In the present study, at patient level, no correlation was found between DM and EIF with similar rates of DM among osseointegrated (15.4%) and EIF groups (12%).χ2 = 0.800, p = 0.371. Similarly, at the implant level (15.1%) vs. (12.3) χ2 = 0.662, p = 0.416 respectively.
A recent review [
31] demonstrated that infection seems to have a major role in the pathogenesis of ONJ. Although there is no conclusive evidence for the infection hypothesis yet, available data have shown a robust association between local infection and ONJ development [
31].
“As evidence that systemic inflammation can promote ONJ, rheumatoid arthritis patients suffer more from ONJ with more serious and intense clinical and radiological appearance of ONJ”. As an additional support for the infection hypothesis, removal of infected ligature form mice induced periodontitis and ONJ demonstrating reduced inflammation and cessation of ONJ progression.
Consequently, implant placement was always performed in clean conditions in healed sites. Implants were not inserted in fresh extraction sites. This may explain the reason for zero ONJ cases following implant placement in the present study.

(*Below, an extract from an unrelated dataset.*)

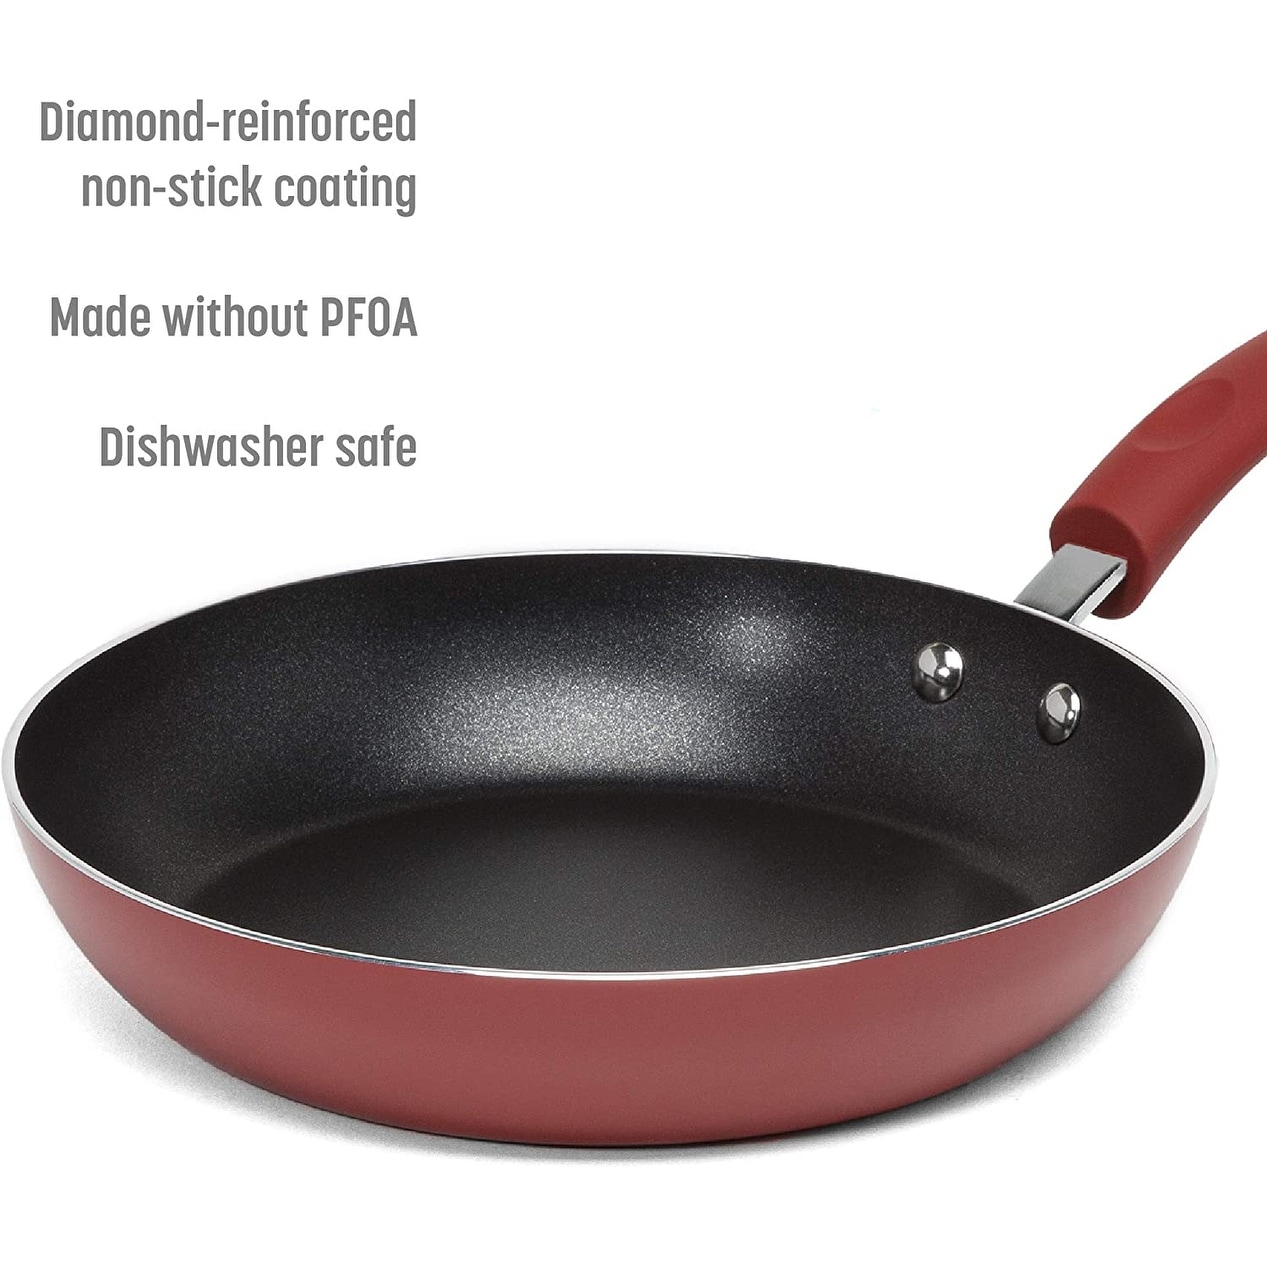 Goodful Cookware Set with Premium Non-Stick Coating,undefined

To the best of our knowledge, this is the first study comparing EIF in osteoporotic patients treated with BMT to osteoporotic patients without BMT and to non-osteoporotic patients. The results of the present study are in the spirit of recent studies claiming the safety of dental implant installation in osteoporotic patients in general and in those receiving BMT in particular [
32,
33,
34,
35], with success rates of osseointegrated dental implants comparable with rest of the study cohort.
Several new approaches for BMT and osseointegration were suggested. One study examined the effects of raloxifene during bone formation around the dental implant in the ovariectomy-induced osteoporotic rat maxilla. Female Sprague-Dawley rats were divided into three groups (n = 18 each): sham-operated (control), ovariectomized (OVX), and ovariectomized and raloxifene-administered (RAL). Eight weeks after ovariectomy, both upper first molars were extracted, and implants were placed 4 weeks post-extraction. It was concluded that Raloxifene administration enhanced the osteogenic genes and protein expression in the bone around the implant [
36].
Another study aimed to determine the influence of hydrophilic titanium surfaces on gene expression and bone formation during the osseointegration process in an osteoporotic model. Their results supported that hydrophilic surfaces in situations of osteoporosis may provide additional benefits in the early stages of osseointegration [
37].
A recent review [
38] suggests that topographical modifications, improvement in hydrophilicity and the development of controlled-release drug-loading systems to improve cellular adhesion, proliferation and differentiation. Surface modifications, along with drug coating, undoubtedly demonstrate better osseointegration, especially in challenged degenerative conditions, such as osteoporosis, osteoarthritis and osteogenesis imperfecta. Loading substances on modified titanium surfaces may be achieved by mechanisms, such as direct coating, adsorption and incorporating in biodegradable polymers.